- **Input data**:
★ ★ ★ ★
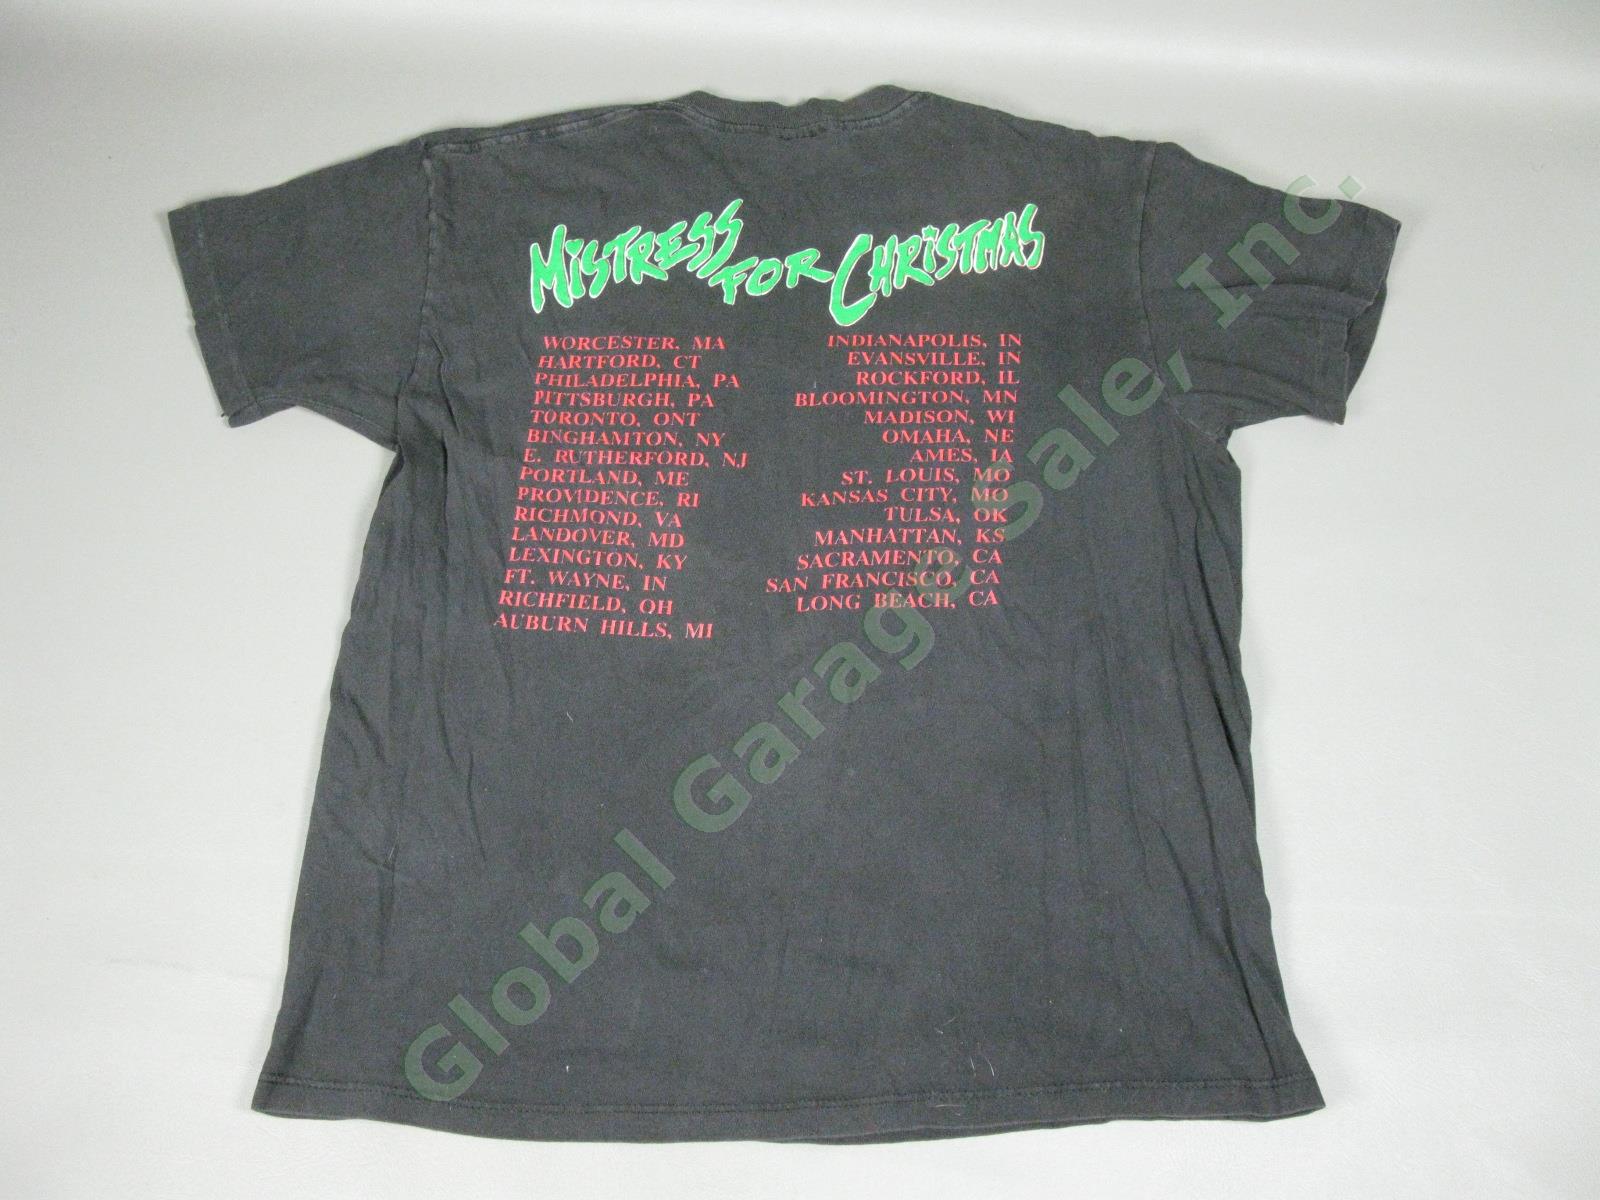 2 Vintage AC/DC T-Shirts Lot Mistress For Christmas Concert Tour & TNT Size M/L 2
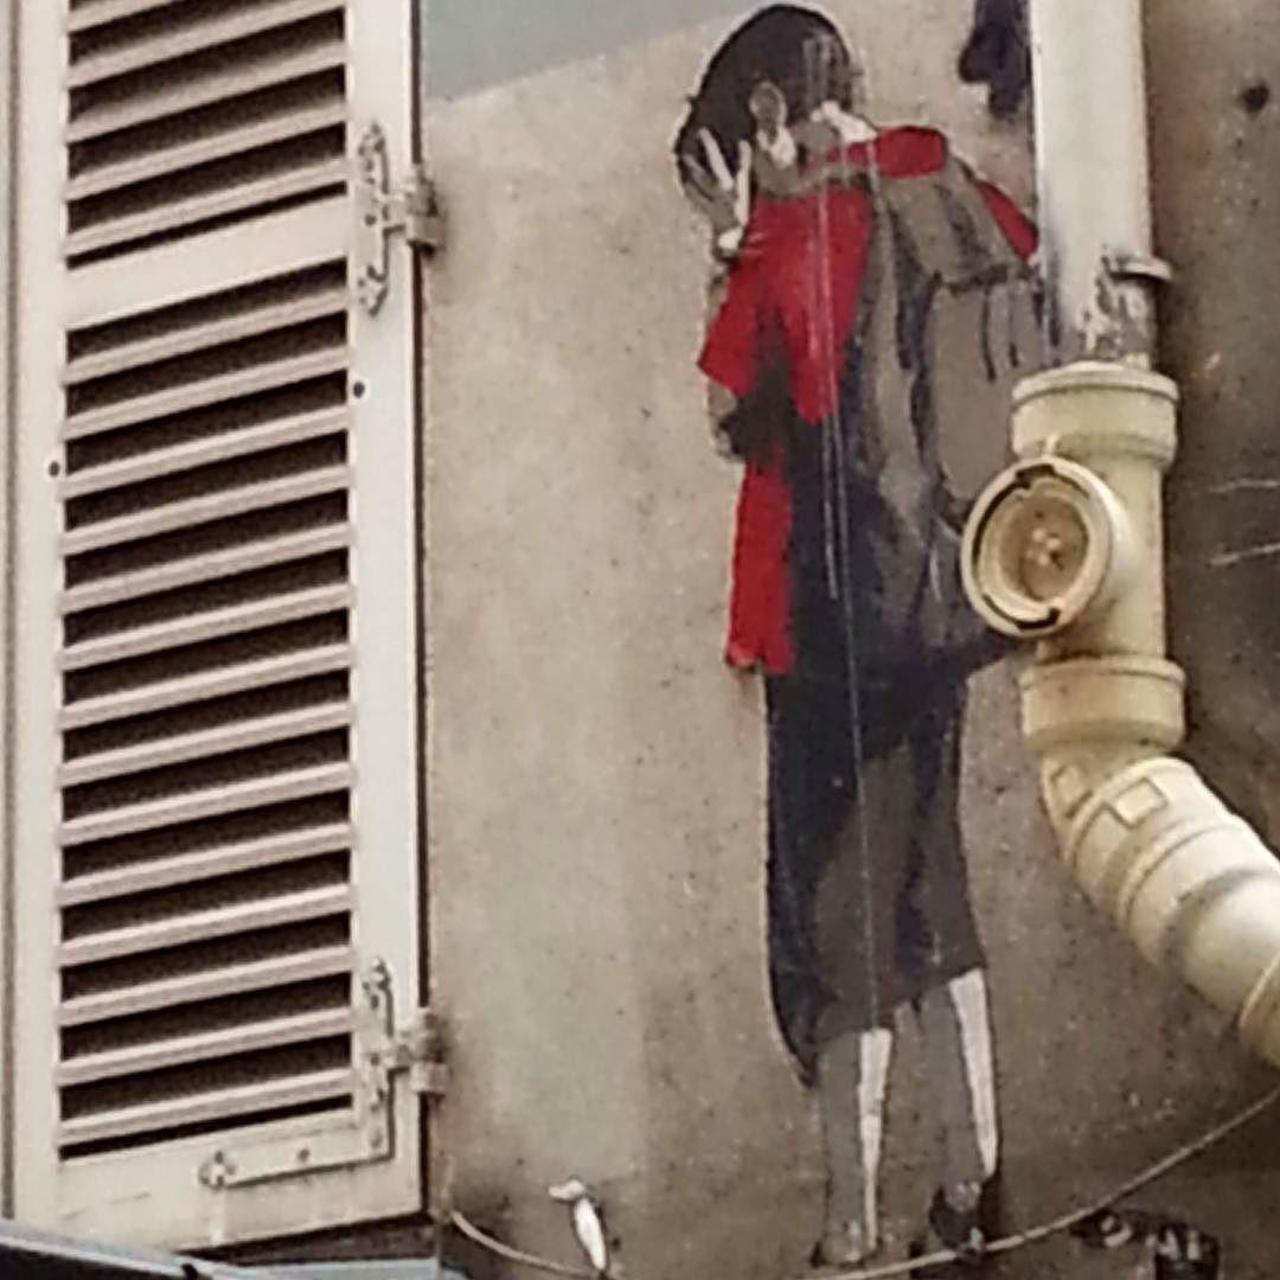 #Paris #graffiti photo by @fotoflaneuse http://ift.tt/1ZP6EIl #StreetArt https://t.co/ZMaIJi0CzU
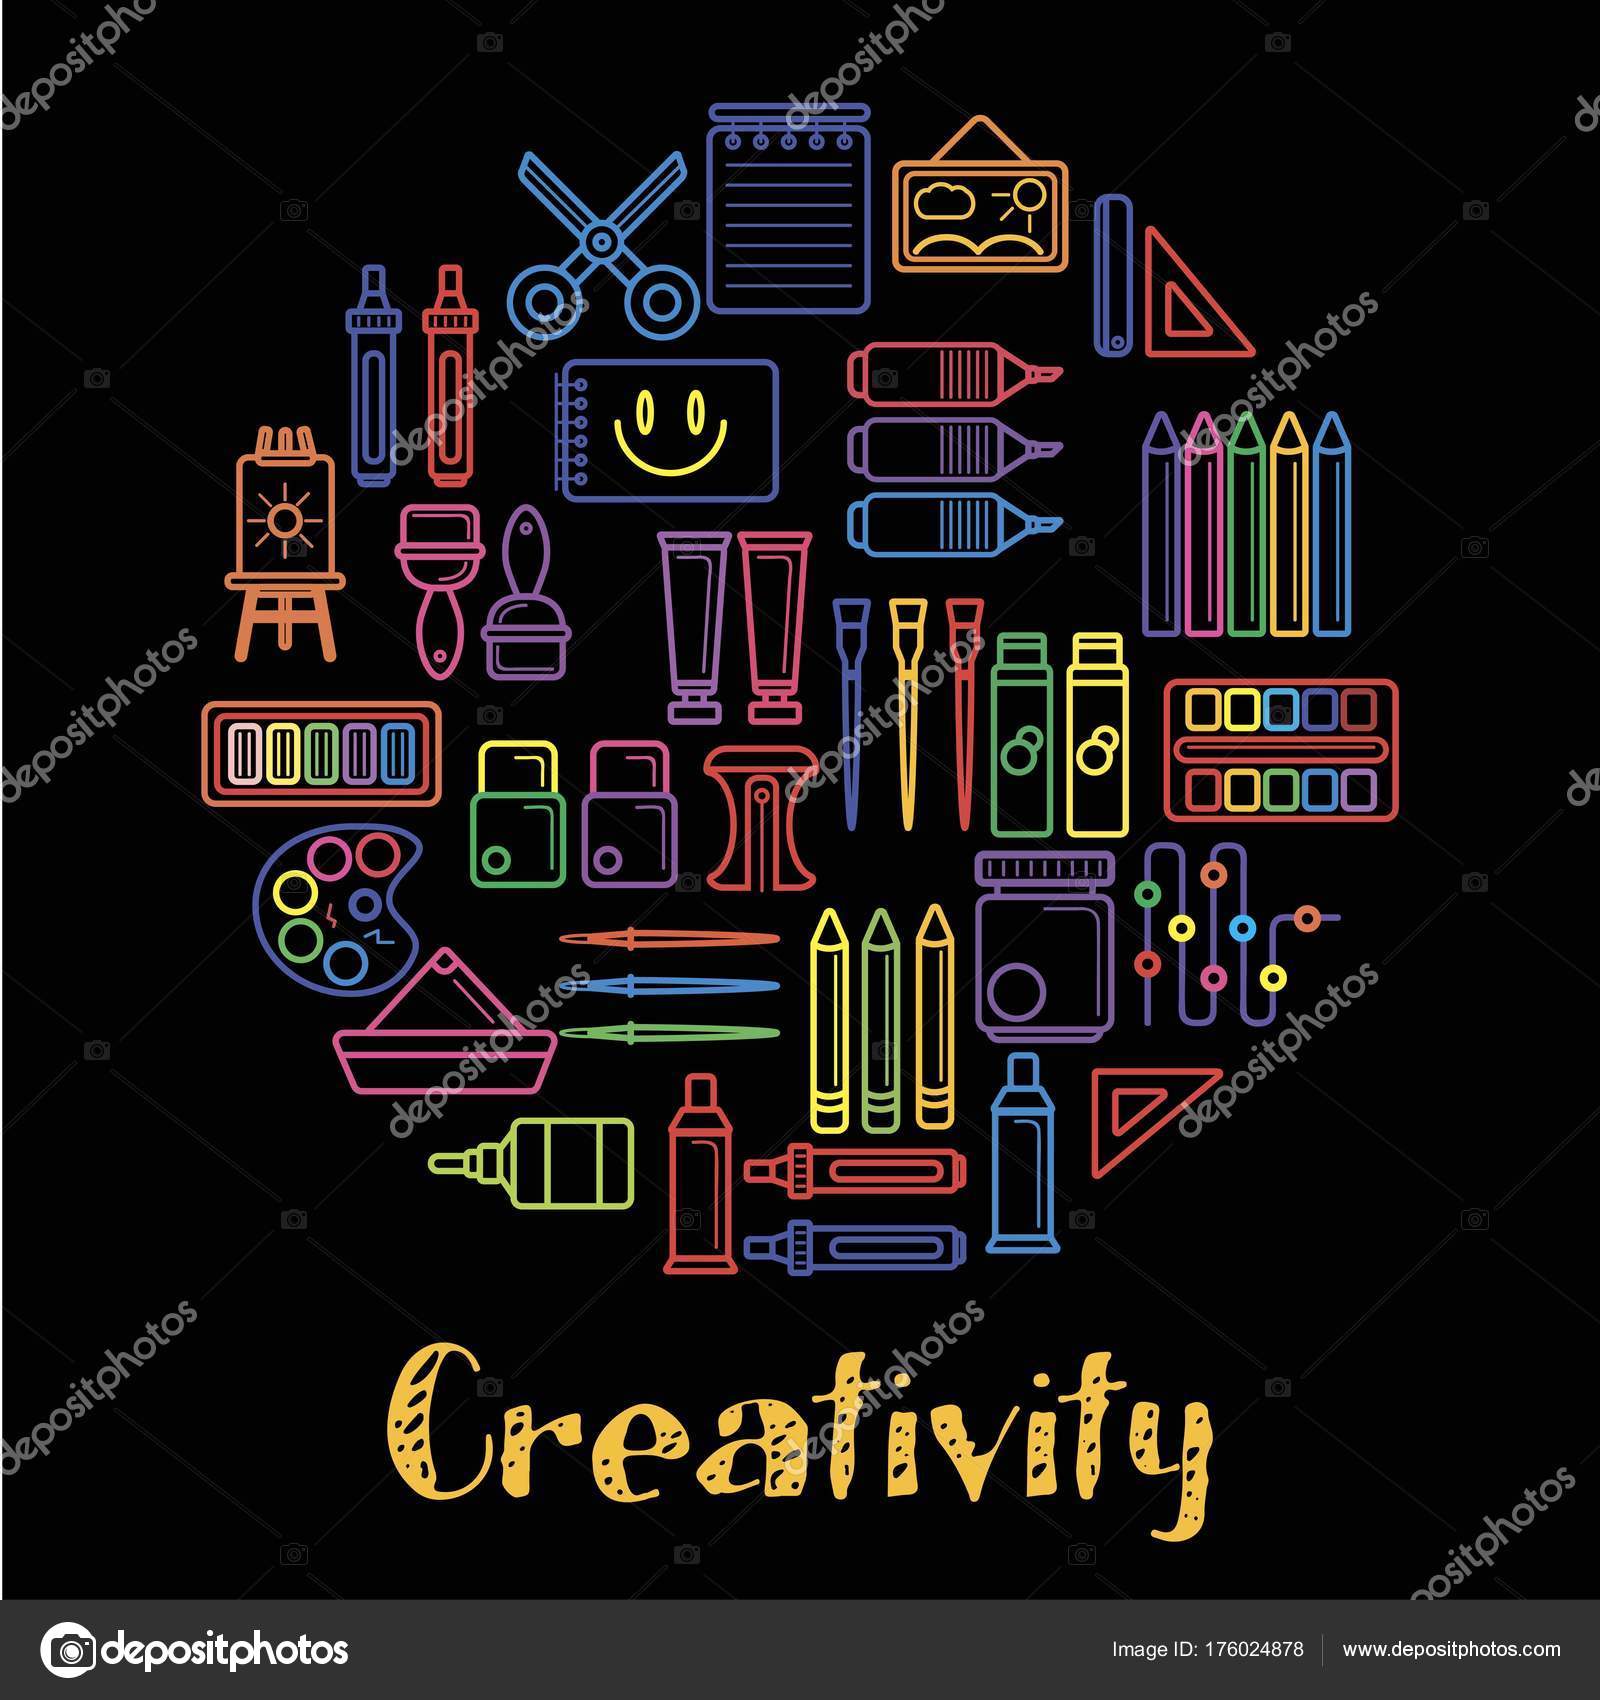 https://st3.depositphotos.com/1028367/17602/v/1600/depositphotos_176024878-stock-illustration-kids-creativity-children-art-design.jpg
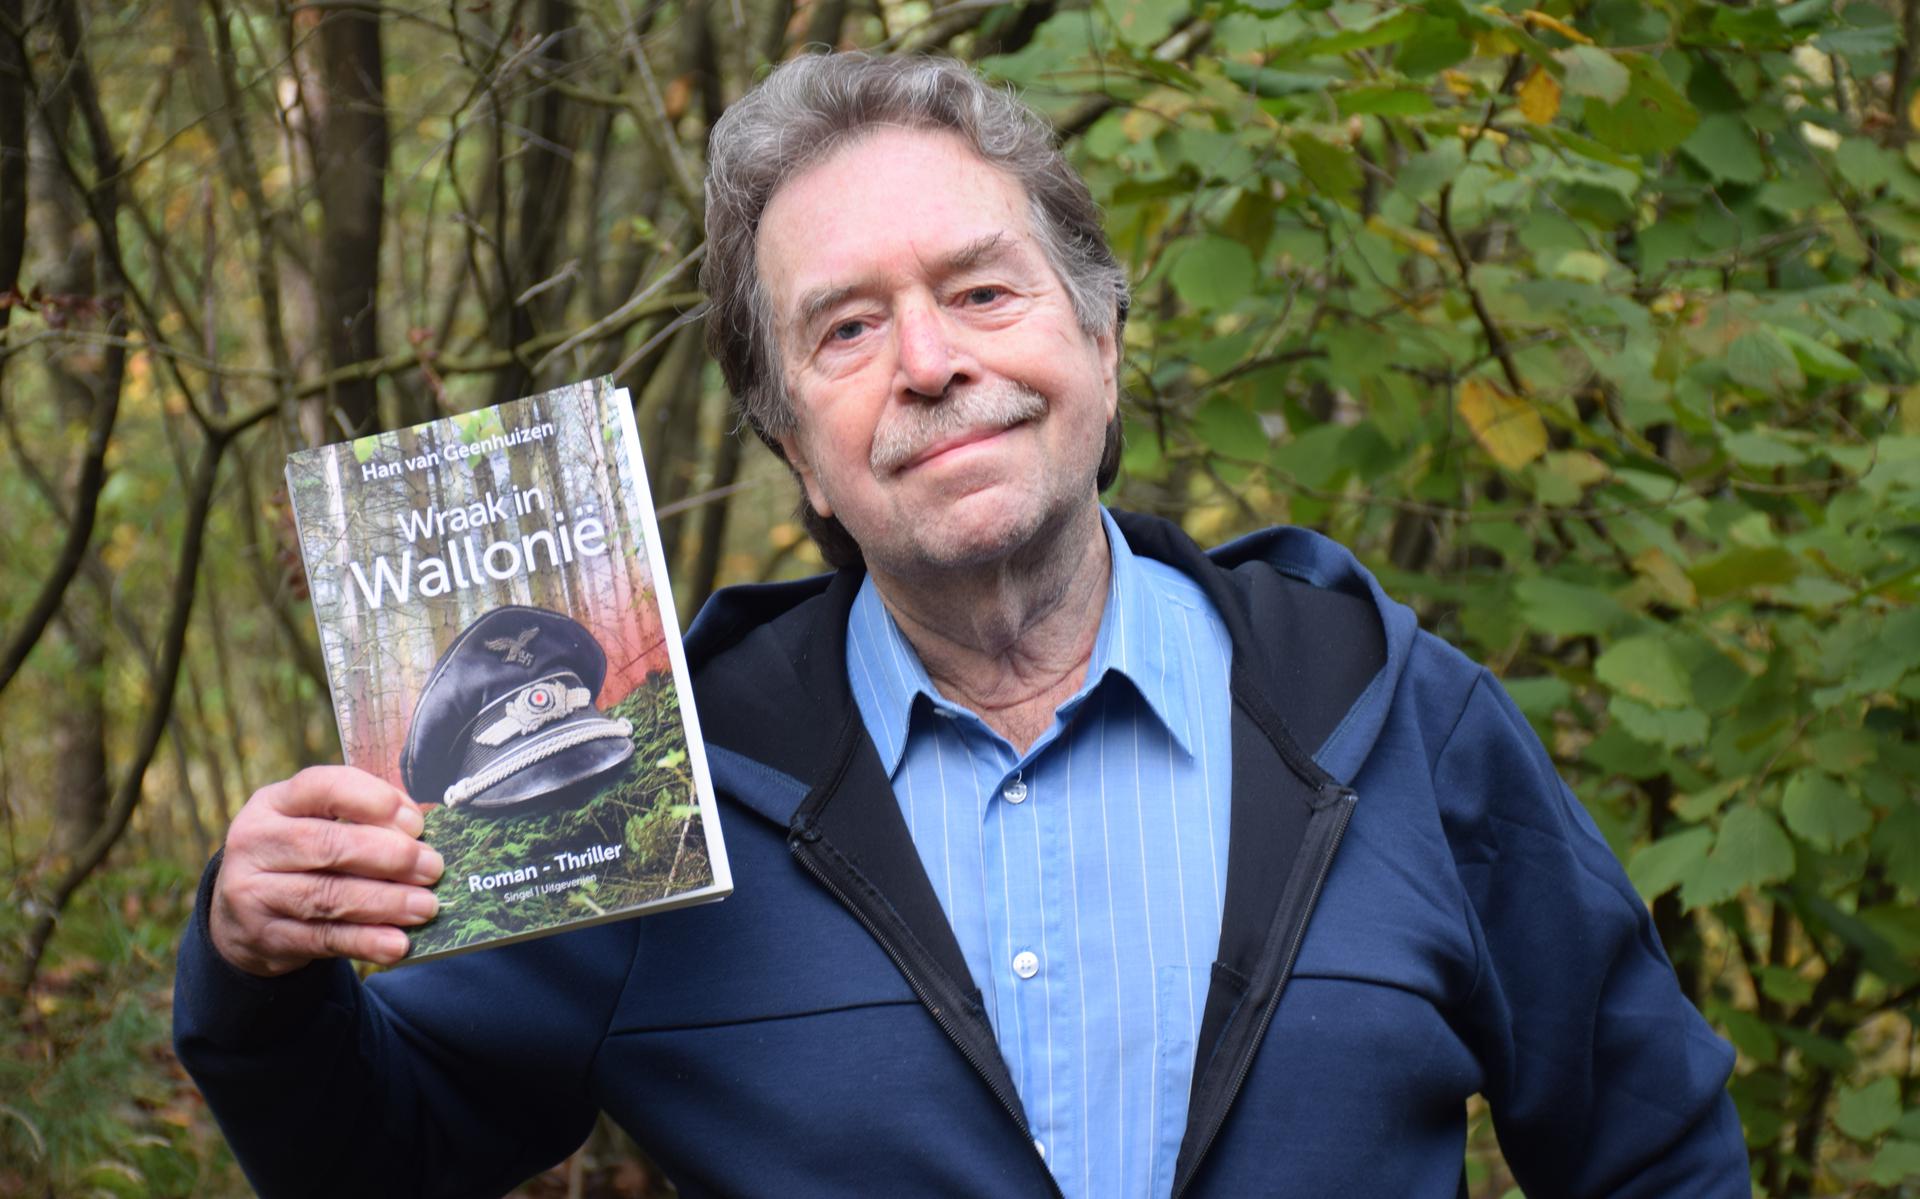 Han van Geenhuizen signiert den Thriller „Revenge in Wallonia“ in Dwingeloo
★ ★ ★ ★
- **What this task involves**:
Please copy the lines above exactly as written, apart from any pictures.

- **Answer section**:
 2 Vintage AC/DC T-Shirts Lot Mistress For Christmas Concert Tour & TNT Size M/L 2
 #Paris #graffiti photo by @fotoflaneuse http://ift.tt/1ZP6EIl #StreetArt https://t.co/ZMaIJi0CzU
 https://st3.depositphotos.com/1028367/17602/v/1600/depositphotos_176024878-stock-illustration-kids-creativity-children-art-design.jpg
 Han van Geenhuizen signiert den Thriller „Revenge in Wallonia“ in Dwingeloo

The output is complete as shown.